## SUPPLIED MATERIAL
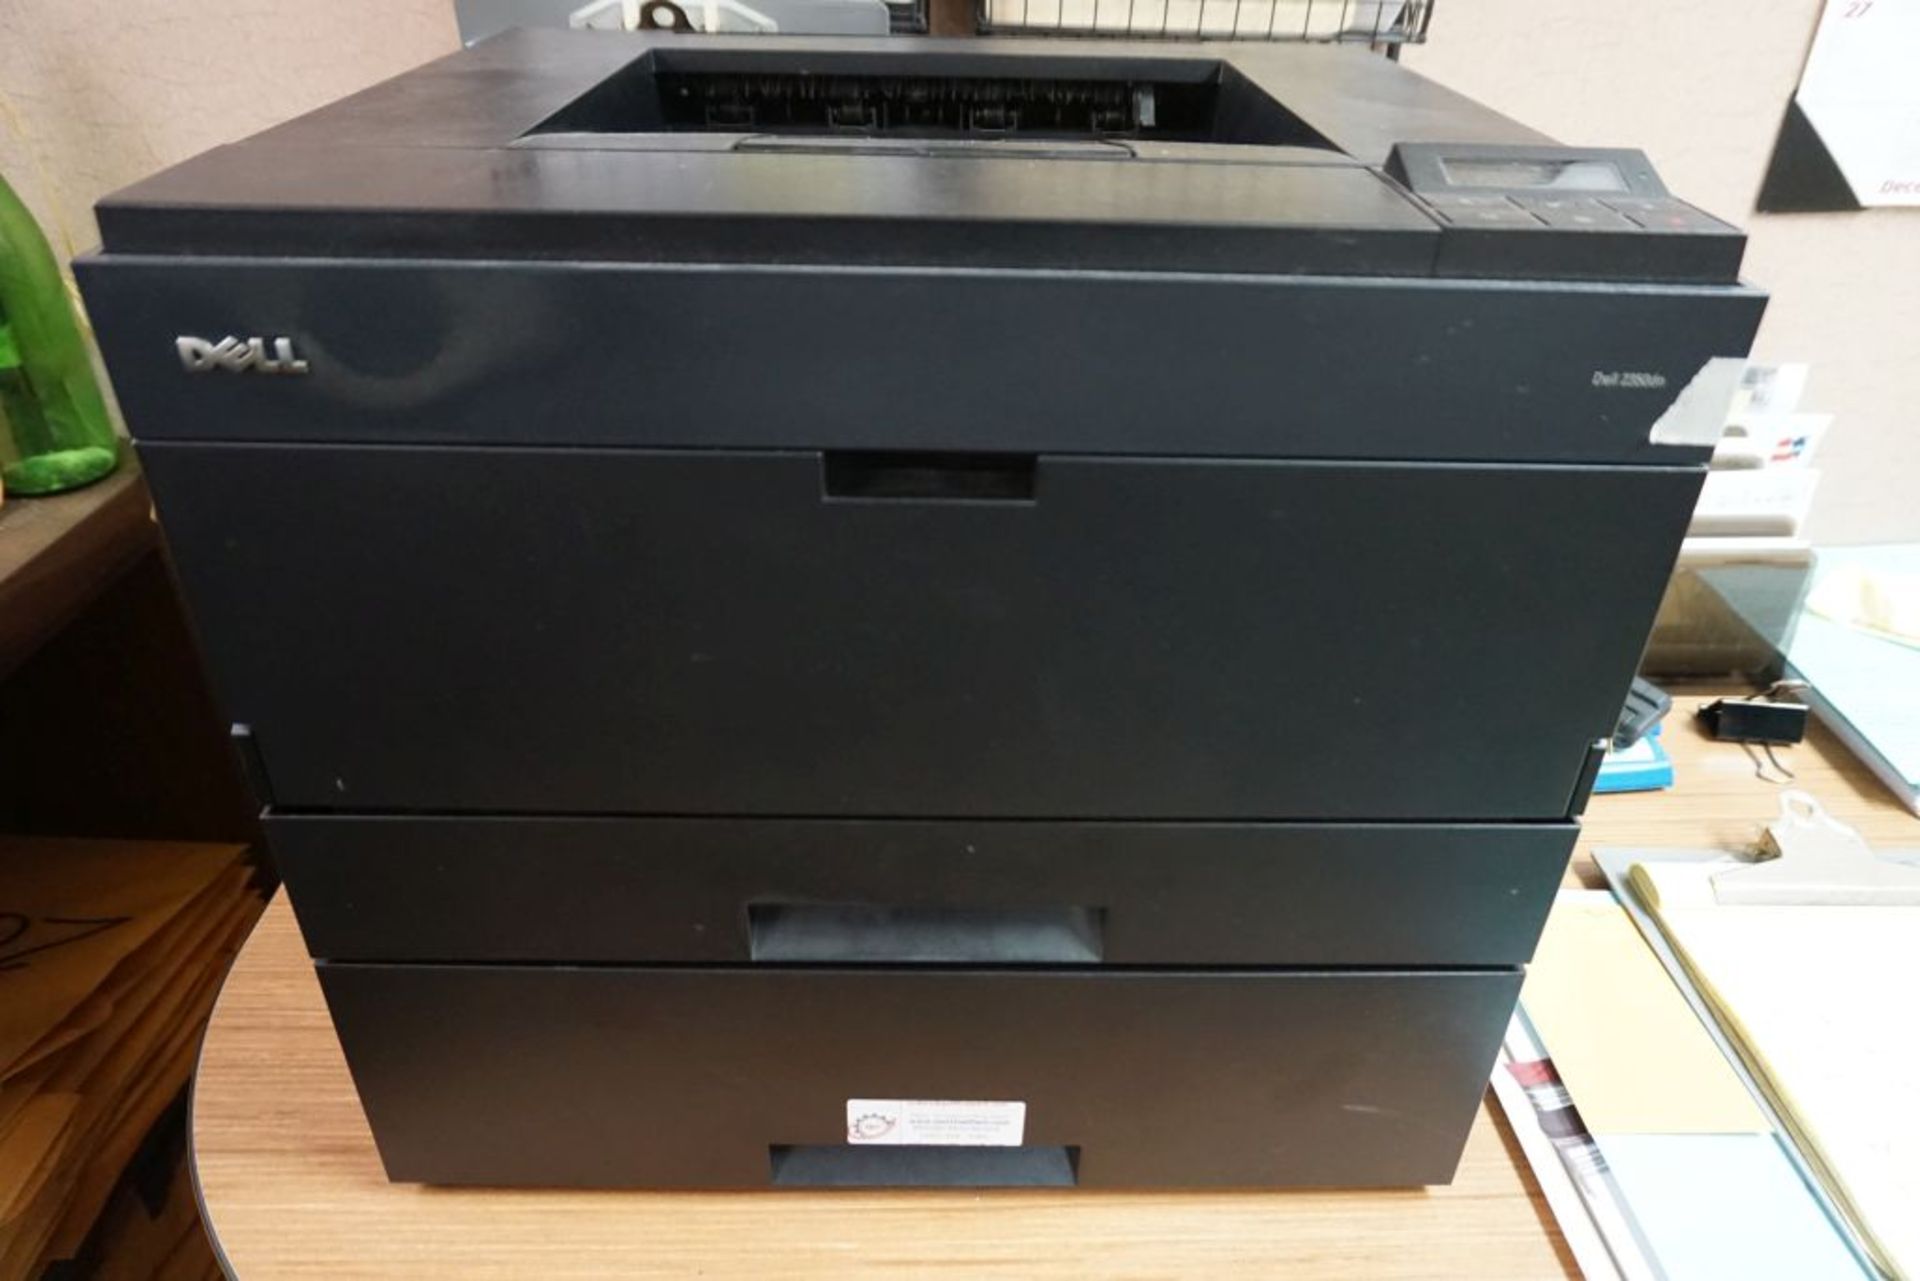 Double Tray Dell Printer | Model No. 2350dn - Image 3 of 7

==

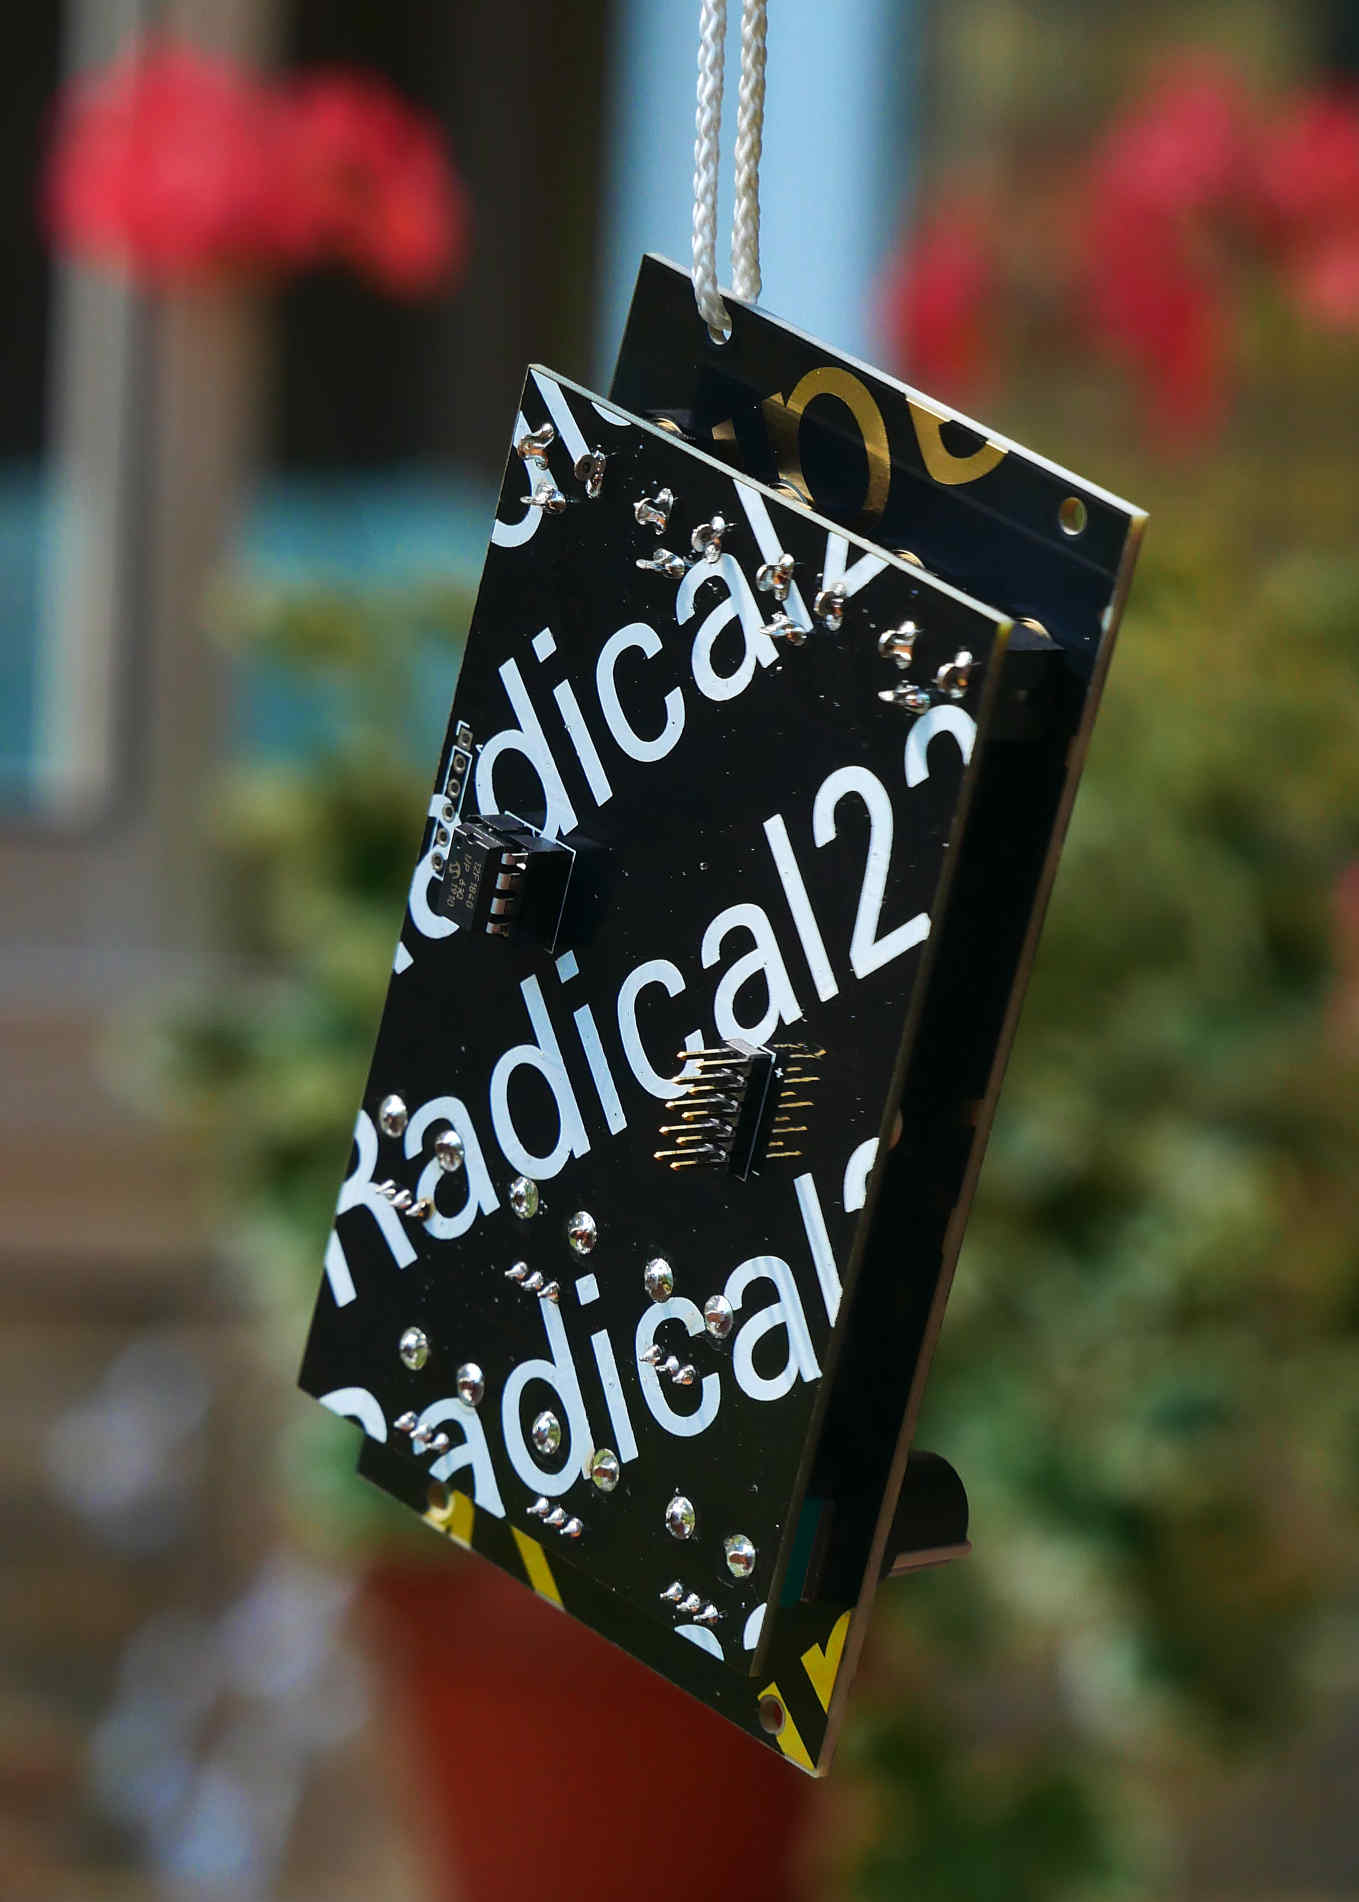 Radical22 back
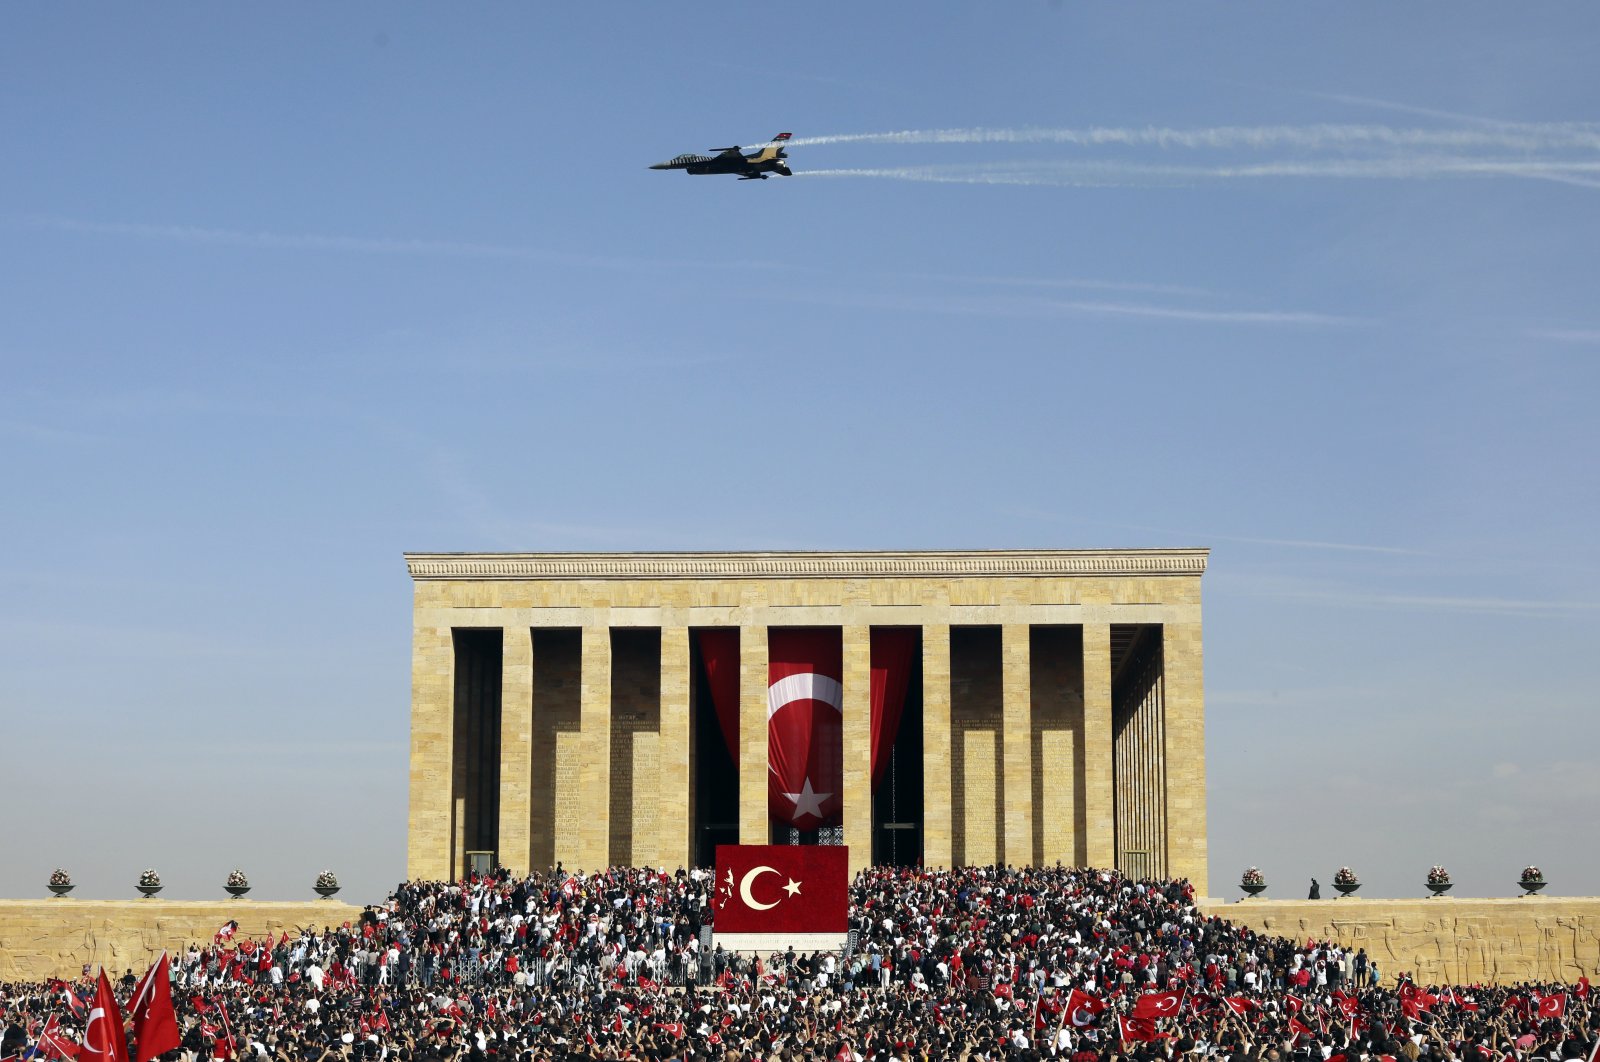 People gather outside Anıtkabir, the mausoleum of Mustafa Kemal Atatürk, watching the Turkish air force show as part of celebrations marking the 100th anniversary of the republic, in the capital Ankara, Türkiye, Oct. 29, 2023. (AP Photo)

## WHAT TO DO
Look above for the line with "Radical22 back" and the line with "People gather outside", then copy exactly the lines from the first through the second, both kept, with no pictures.

## OUTPUT OF THE TASK
 Radical22 back
 People gather outside Anıtkabir, the mausoleum of Mustafa Kemal Atatürk, watching the Turkish air force show as part of celebrations marking the 100th anniversary of the republic, in the capital Ankara, Türkiye, Oct. 29, 2023. (AP Photo)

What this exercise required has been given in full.